CHICAGO - Banc One Corp.'s treasurer said the profitability of banks being acquired by the Ohio-based company improved during the second quarter.

Banc One had attracted attention last week with a regulatory filing saying that its profitability would have been 30% lower in the first quarter if all its pending deals had been completed.

Reducing Profit Drag

But the company also indicated that it expected the banks performance to improve by the time the deals are completed. At a conference here Wednesday, treasurer George Meiling presented new evidence to support that view.

Mr. Meiling reported that the drag on profitability would have been about reduced by about half - to 14.5% - in the second quarter, according to pro-forma calculations from recently released earnings reports.

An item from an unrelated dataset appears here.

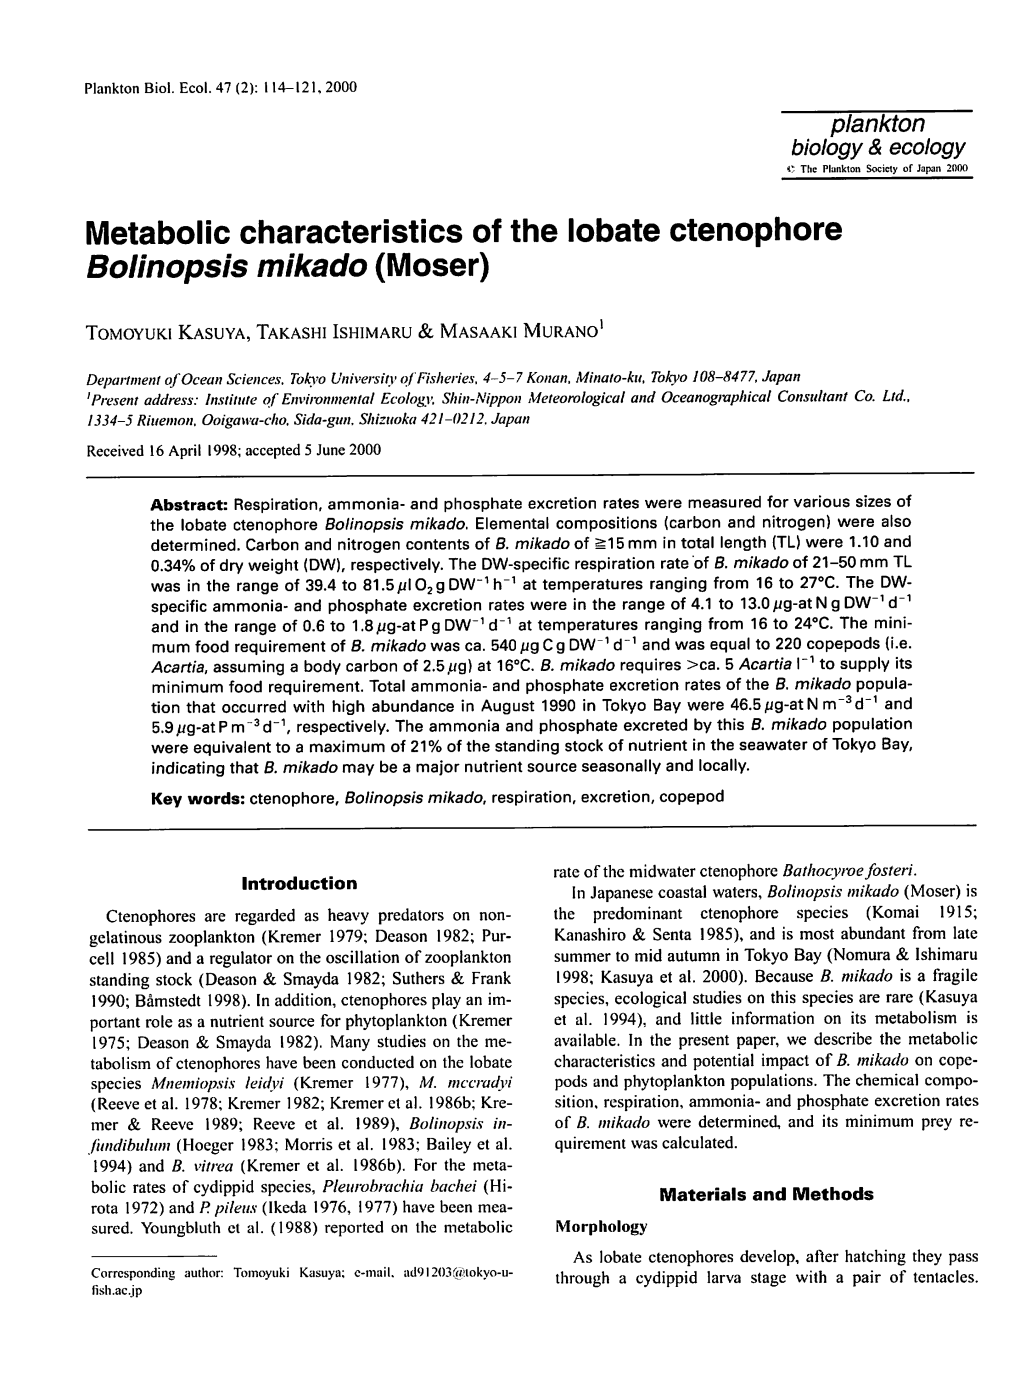 Metabolic Characteristics of the Lobate Ctenophore Bolinopsis Mikado (Moser)

The improving performance by its merger partners is good news for Banc One, whose recent buying spree has raised questions about whether it can sustain its enviable record of high profitability.

|Ahead of Expectations'

By the end of this year, Banc One will complete acquisitions in Arizona, Colorado, Illinois, Indiana, Ohio, and Kentucky. Total assets will grow to $74 billion, from $48.4 billion at midyear.

Referring to the last data, Mr. Meiling said: "We are ahead of our own expectations."

Present and prospective operations would have posted a combined 1.3% return on average assets the second quarter, compared with the 1.52% that Banc One actually reported, he said.

Above Industry Averages

The company's 17.83% return on equity would have fallen to 17.11% if the other operations were included, and its 8.28% ratio of equity to assets would have declined to 7.58%. All of the lower totals still would have been well above industry averages.

Actual earnings per share came to 87 cents, compared with a pro forma 88 cents for the combined operations.

Also at the conference, which was sponsored by a unit of Kemper Corp., the chairman and chief executive of Norwest Corp. said he expected the Minneapolis-based company to increase earnings per share by at least 13% annually for the next three years.

Lloyd P. Johnson said smaller loan-loss provisions and gains in efficiency would help fuel expected performance gains.